(Beginning of Given material)
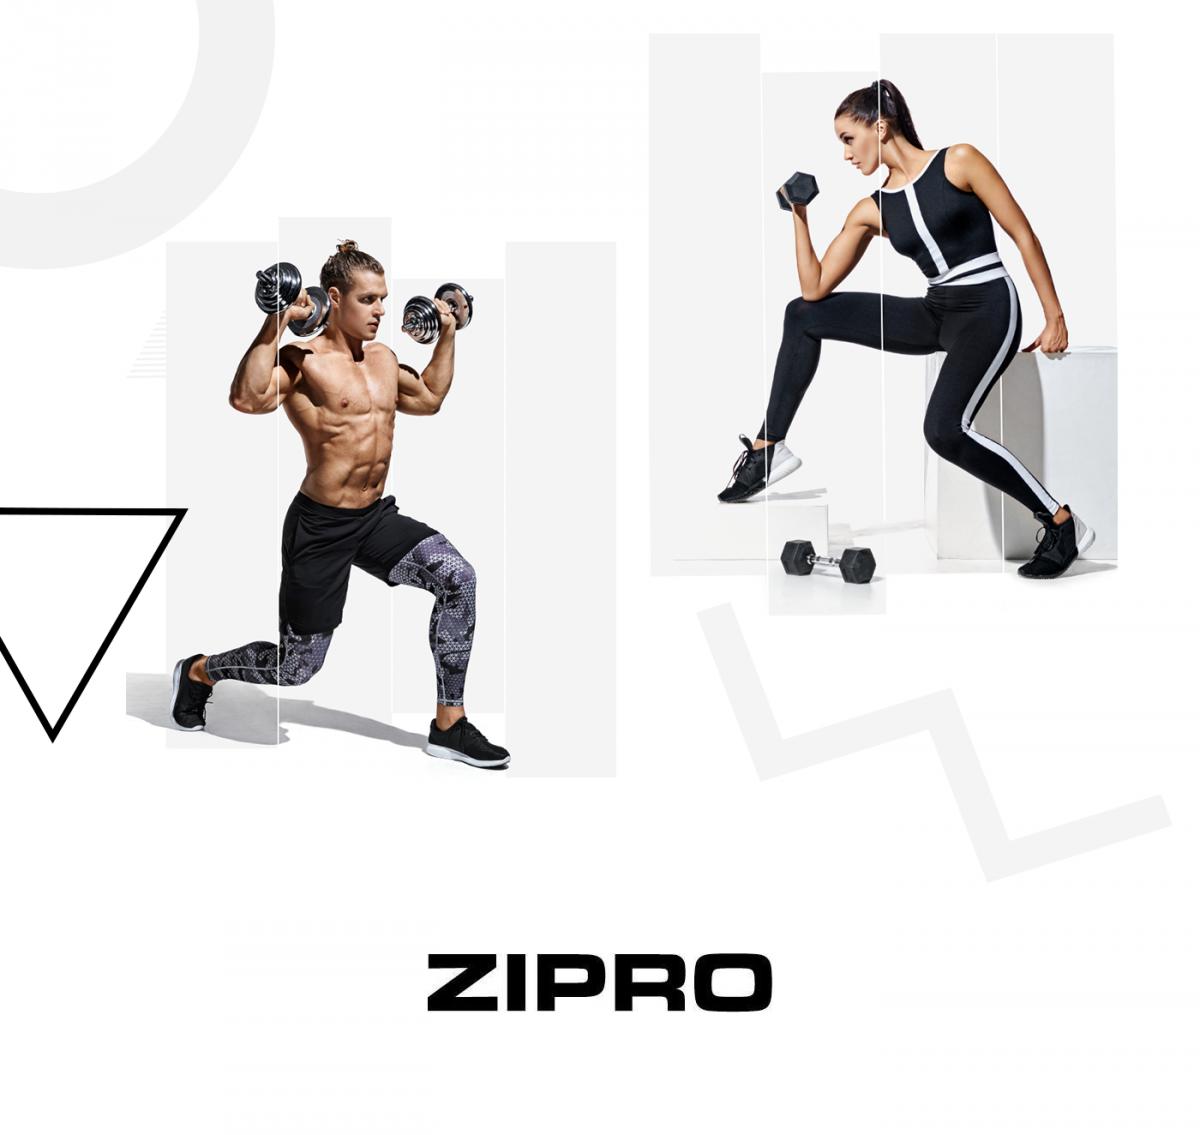 veneo_cs_zipro_2020_14
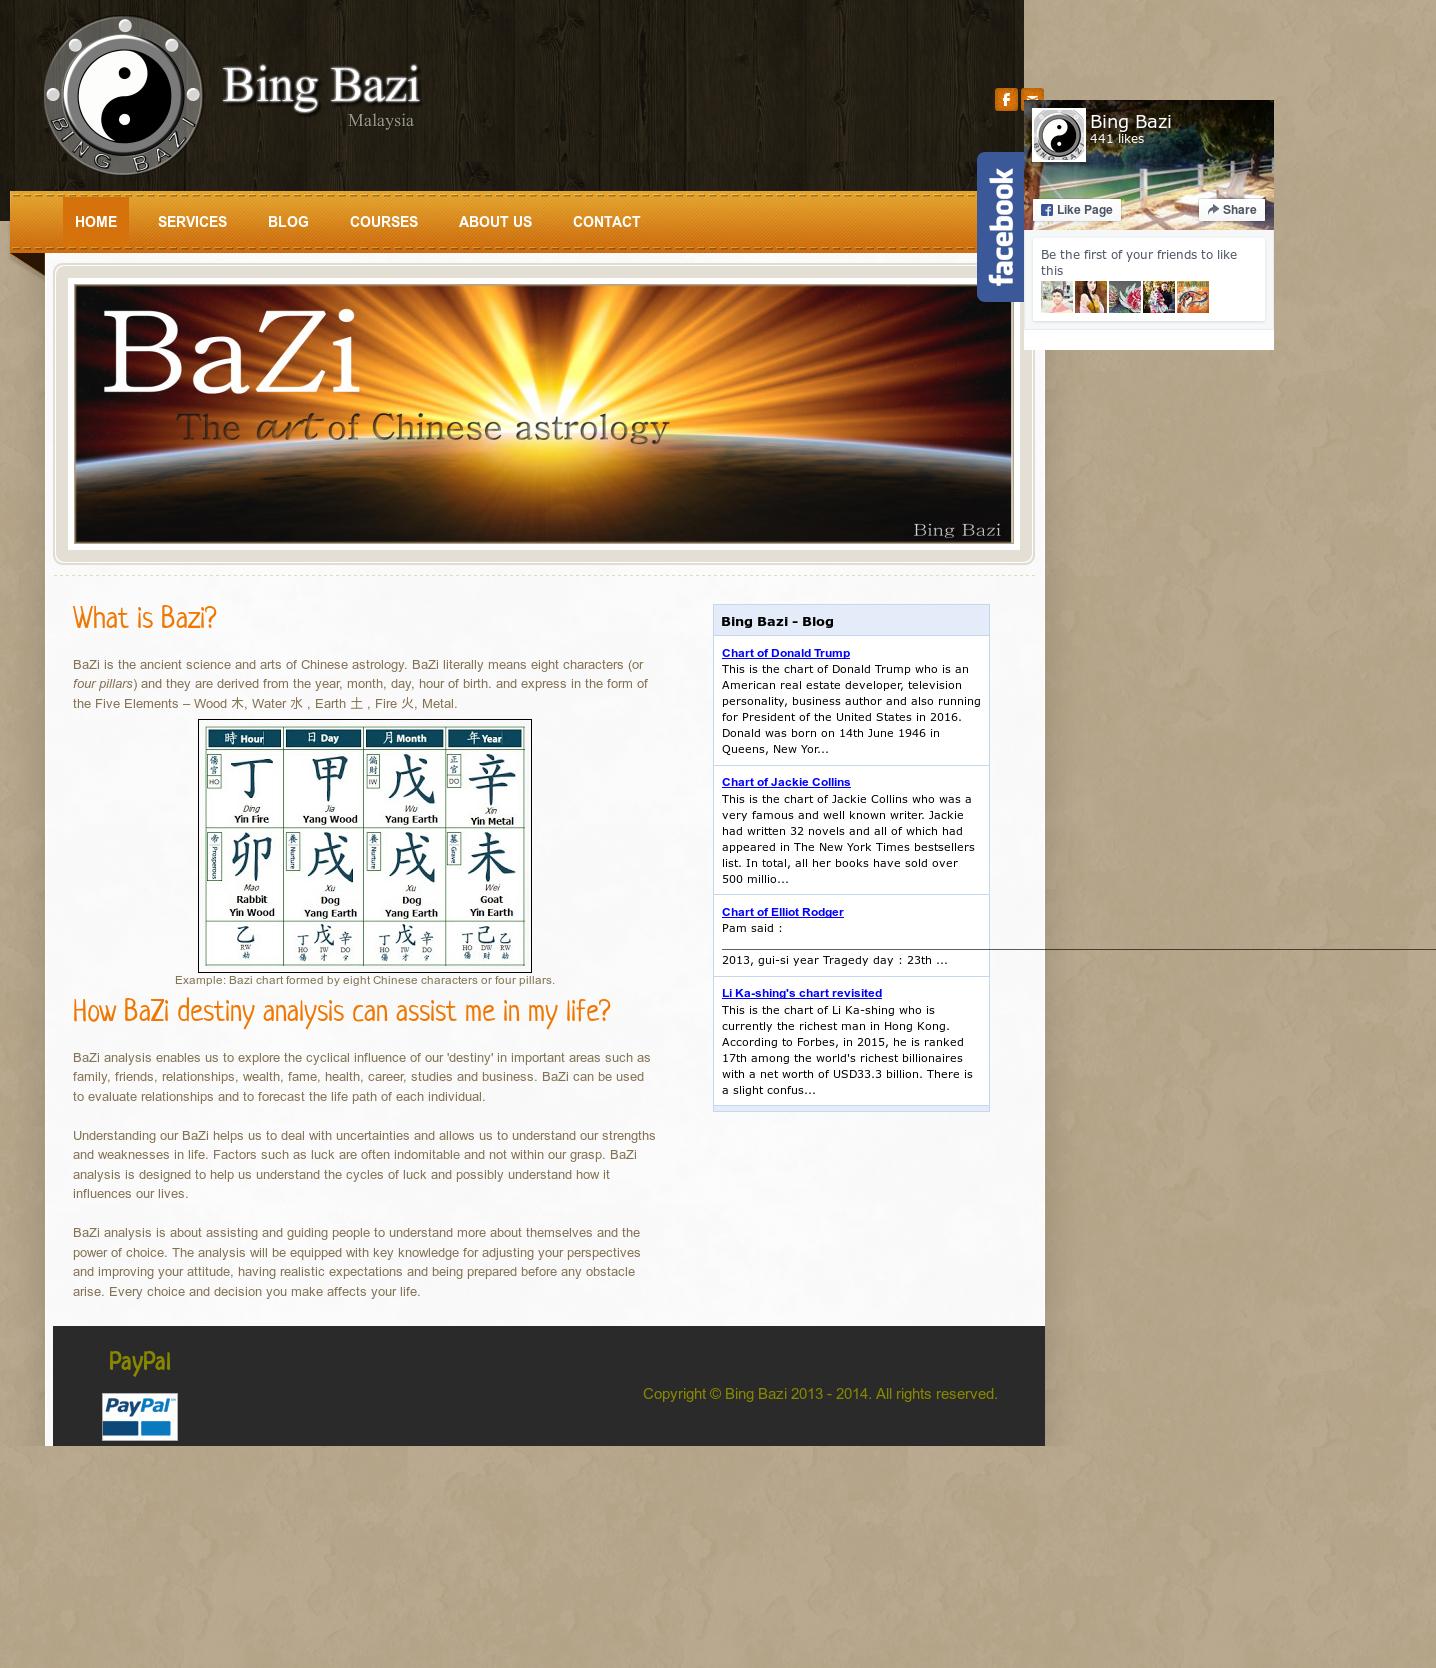 Owler Reports - Bing Bazi Blog Heavenly Virtue Noble
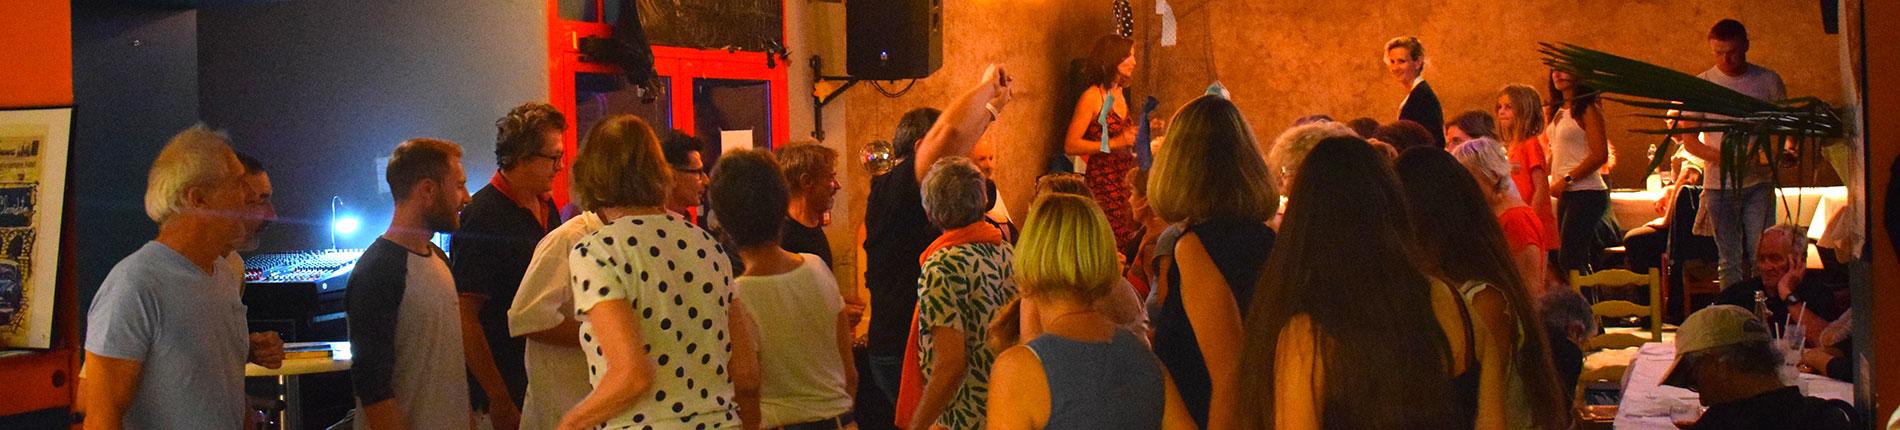 La Bigaille. Bar associatif et culturel. Marennes
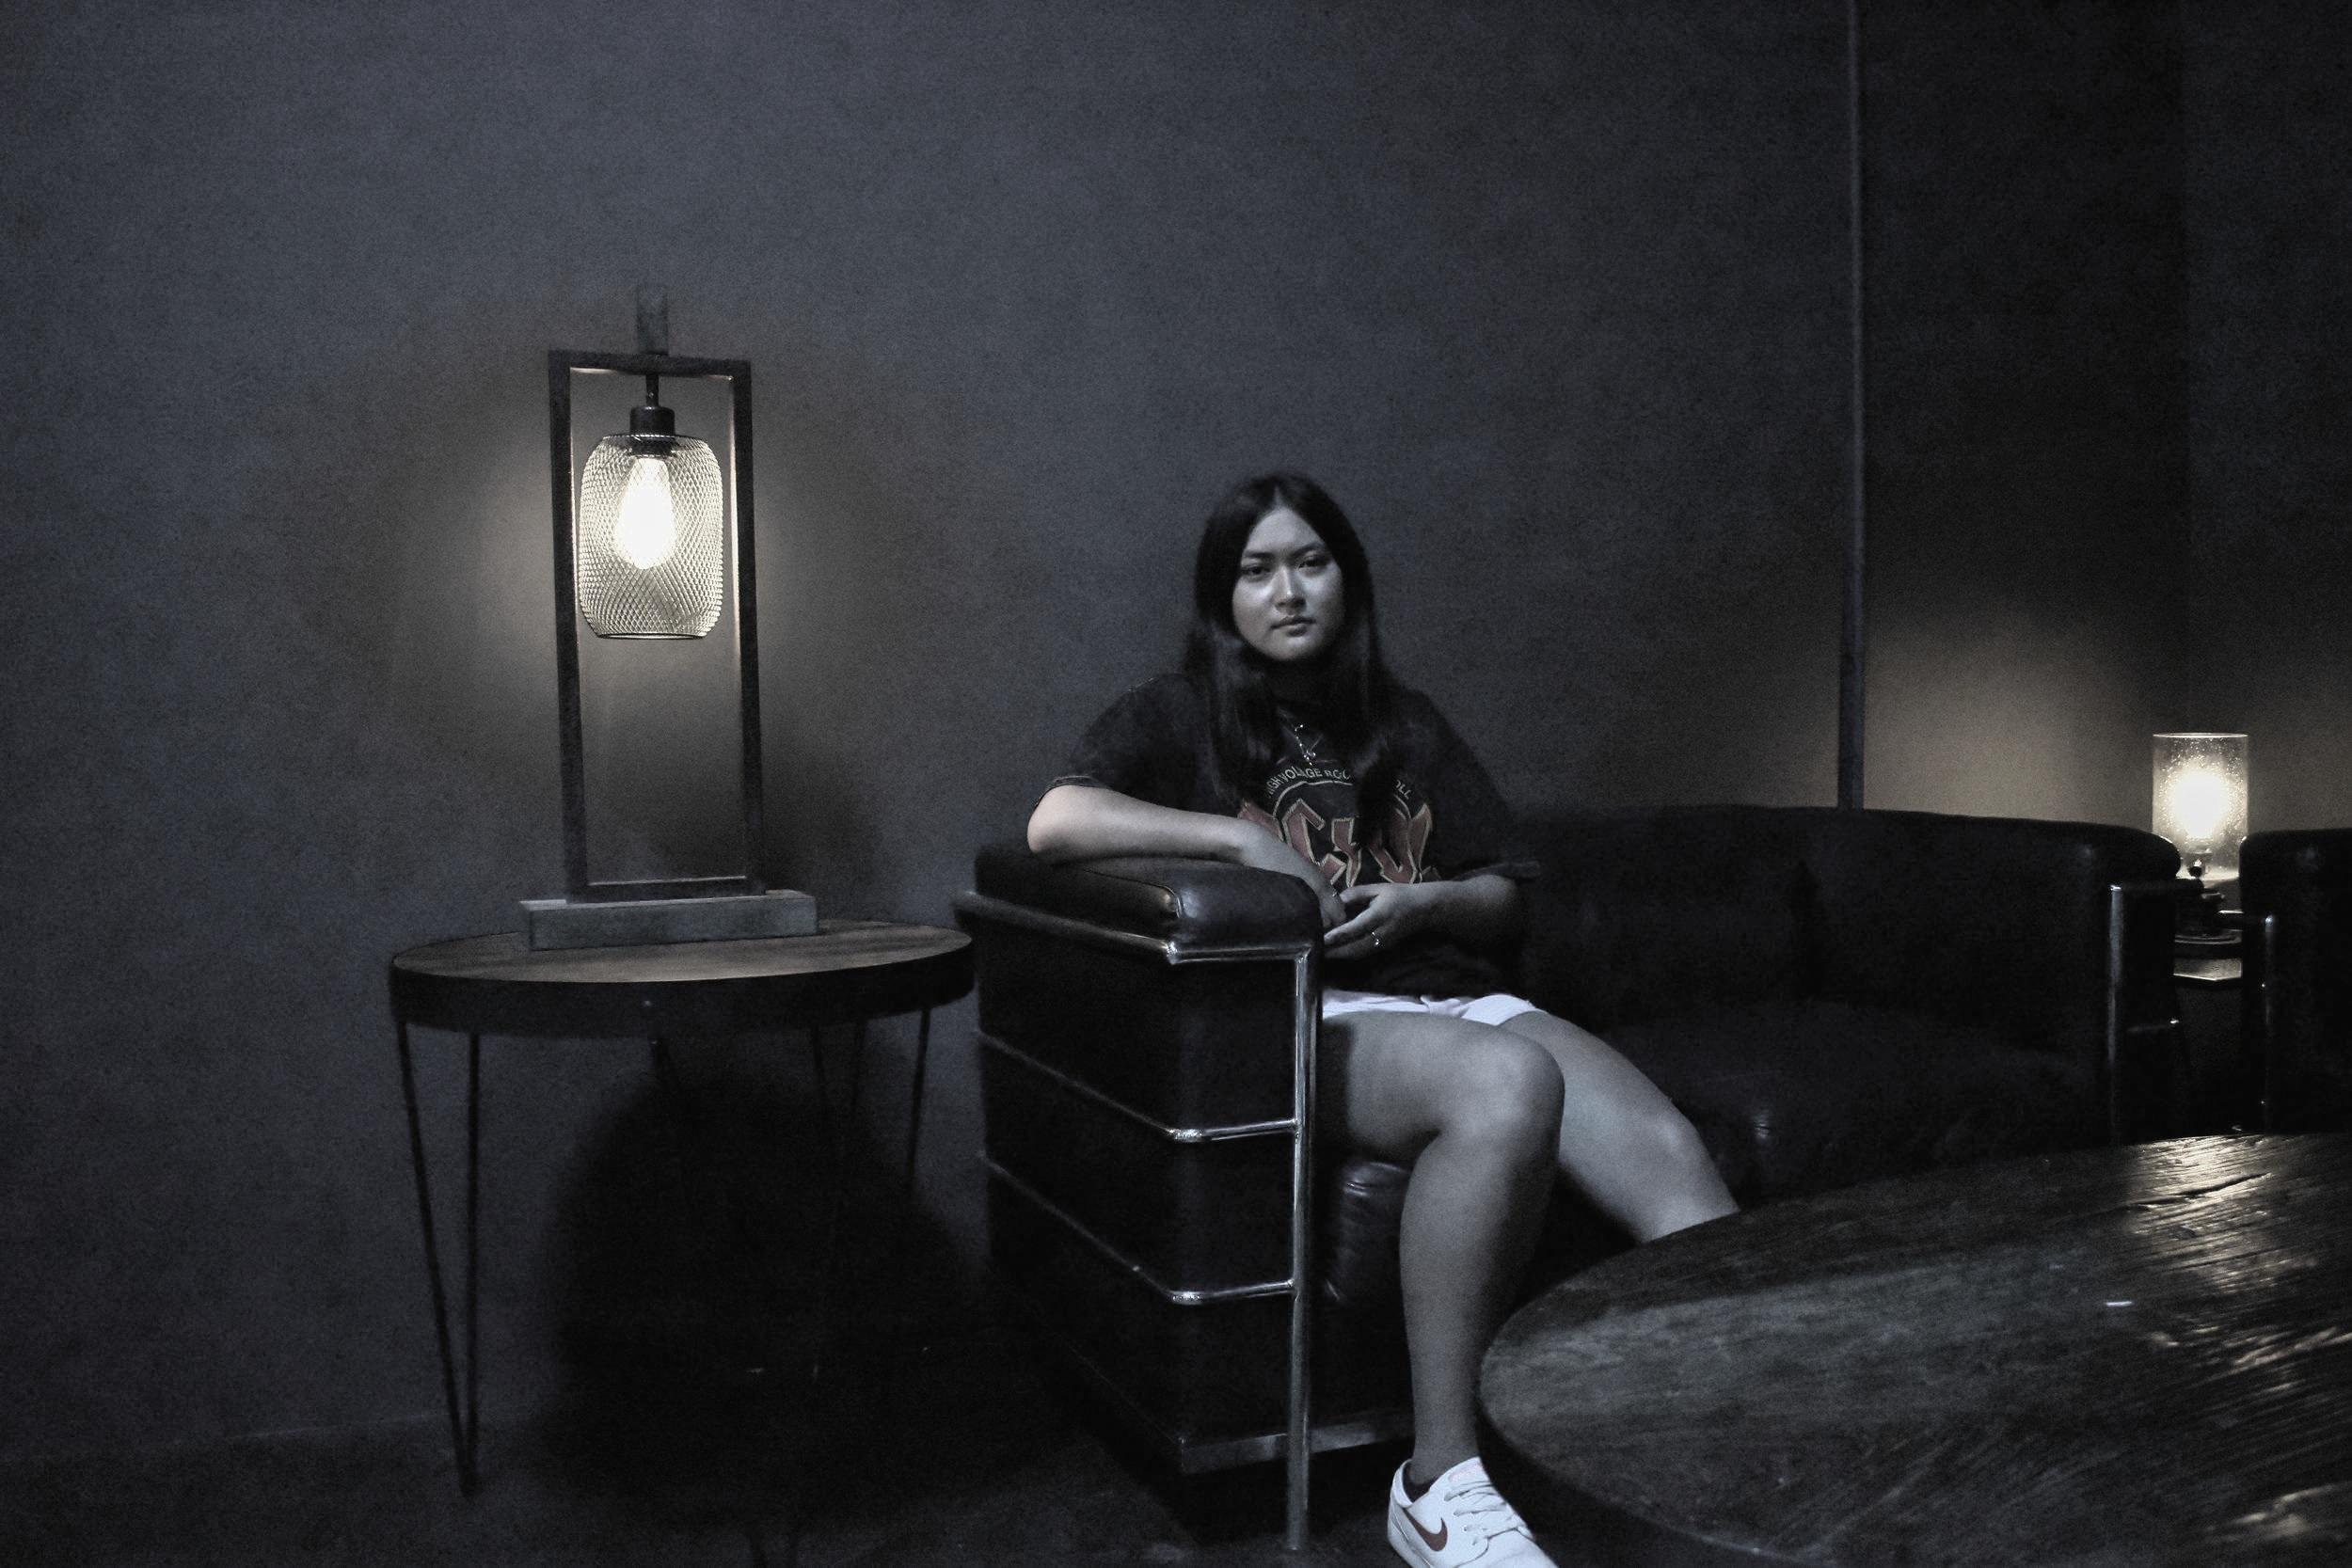 GIANNA - SOCIAL MEDIA: @ITSGIANNAK
(End of Given material)
Set down the line containing "Owler Reports - Bing", then every later line through the end of the material, exactly as written; omit any picture.

Exercise response:
 Owler Reports - Bing Bazi Blog Heavenly Virtue Noble
 La Bigaille. Bar associatif et culturel. Marennes
 GIANNA - SOCIAL MEDIA: @ITSGIANNAK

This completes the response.